The problem with “good,” for me, is that it still makes reference to some universal aesthetic/moral standard, and I don’t tend to believe in those. Even the “do unto others” credo (like “first, do no harm” and my simpler college motto, “don’t hurt people”) isn’t really universal. I mean, what about tough love? What about protecting yourself from a dangerous or toxic person? As a professor, I’ve had to give a bad grade—even fail someone—because that person didn’t meet my standard, even though they met their own (or had other stuff about which they were more concerned); sometimes, as a result of a bad grade from me, a student’s GPA dropped enough that they were unable to play on a sports team, or lost the chance to do something else they wanted to do. What about, on a more mundane note, choosing one person as a bestie instead of another? Aren’t those standards in direct opposition, sometimes, to the needs of the many, or of yourself? Won’t enacting some of those standards hurt someone?

I had a student once who used to say, loudly, in response to almost anything, “Don’t judge!” That used to infuriate me: judgment is what keeps me from walking into traffic or putting my hand into fire; it’s also what keeps me from befriending people who are going to treat me badly, or paying almost $20 to watch a film that will give me no pleasure of any sort but put money in the pockets of someone whose values and behavior are deplorable to me (ahem: Mel Gibson, THE PASSION OF THE CHRIST).

My point is, those standards don’t always apply, and neither should aesthetic standards, right?

When I make choices as a writer, when I aim for some particular effect or choose to create in a particular way, I’m setting an aesthetic standard that applies to that piece, and I’m trying to stick with it. Then, when it’s finished, I can evaluate (1) if I managed to achieve that aesthetic standard and (2) if the standard produces something I think is good and thus (3) if the standard itself is something I think is good.

I think we each do that when we consume and evaluate something, too (a meal, a book, a piece of art). Maybe it would be helpful to think about this as we read that book or listen to that song:

1.How is this piece defining “good”? What’s it shooting for?

2.Did the piece achieve its goals?

3.Do I like the piece? Does it bring me some kind of pleasure? (Pleasure can be aesthetic, moral, intellectual; outrage can be a kind of pleasure; so can be perplexity, or feeling conflicted; pain can be pleasure, even watching something painful to the eye (too bright an image, for example, or the too-quick cuts in many films), and  anyone who likes horror films can attest that controlled terror is a kind of pleasure…)

4.Do I agree with the standard? Can the standard be applied to other things? Do I want to adopt it as my own standard?

In other words, perhaps my (and your?) engagement with art, ideas, and other kinds of production is about two things: finding pleasure of some sort AND testing out a standard of “good” in order to add to my own definition.

But back to that initial question: can we call something “good” if most people don’t like it? Can it be called “good” if only certain types of people (white people, or rich people, or Americans, or anti-gun folk) like it?

I’m still dubious about such universal standards, and I’m beginning to convince myself that not only are they improbable, they are also unhelpful. Maybe the better question to ask myself as I write is not “is it good?” but “do I like it?” That may be, for me, at least, more important.

What a driveway means

I live in Brooklyn, in New York City. Most of the houses here don’t have driveways; anyone who has a car usually parks it on the street. We have to keep the streets clear for the street sweepers that drive through once a week, so we try to keep track of the schedule: no parking on this side of the street on Mondays 11:30-1pm, no parking on that side on Tuesdays, no parking on the next block on Thursdays from 8:30-10am. If you fail at keeping track, you get a ticket usually costing $75. It’s an irritating and ridiculously-complex system that was probably designed to earn the city parking ticket money more than to keep the streets clear for the sweepers. If you have a car and you don’t drive it to work every weekday, you must re-park it (and spend, in the winters, sometimes, an hour surfing for a viable space) at least a couple times a week.

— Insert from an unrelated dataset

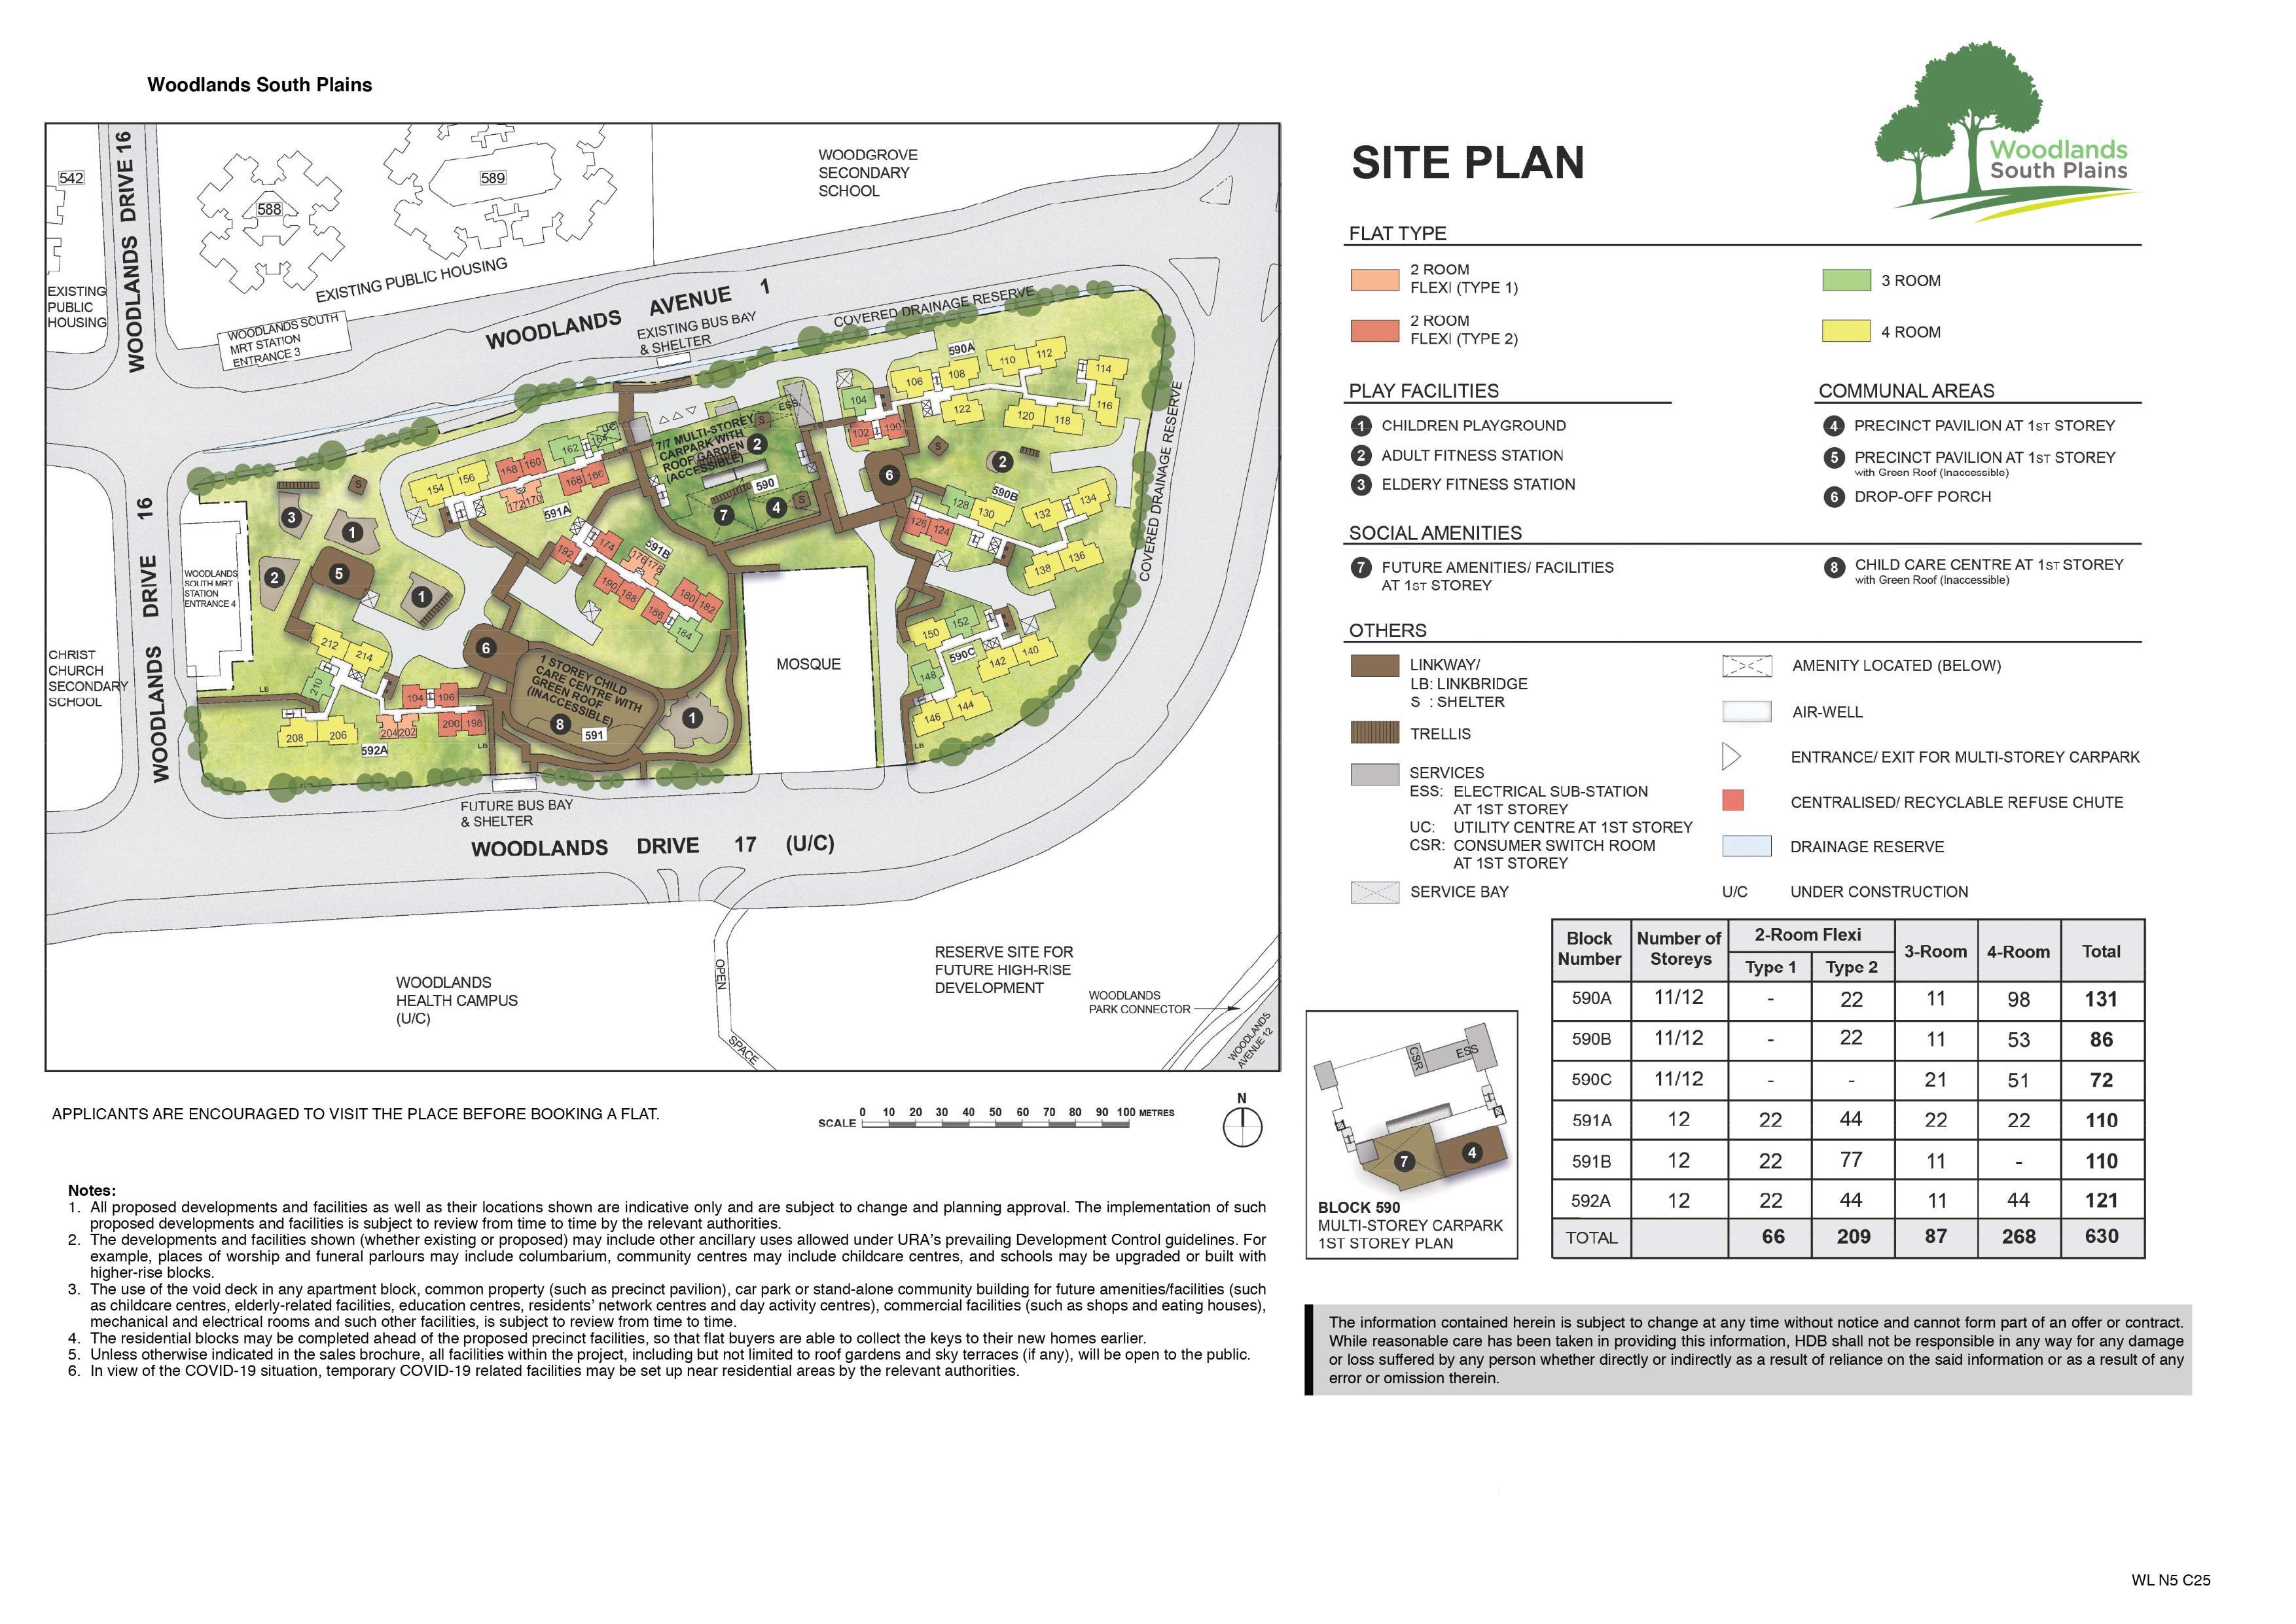 Woodlands South Plains site-plan

My partner and I own a car for the rare purpose of getting out of town, and because I’m disabled enough that it helps me get to work and make the every-six-weeks trip to the “big” grocery store on the other side of the Brooklyn-Queens Expressway for supplies. It does not feel like a luxury (though I’m well aware that it is), and if I were less disabled, I’d get rid of it in a heartbeat.

In my dreams, the best ones, the ones in which I can fly and I have a million dollars and the perfect ass, I have a driveway.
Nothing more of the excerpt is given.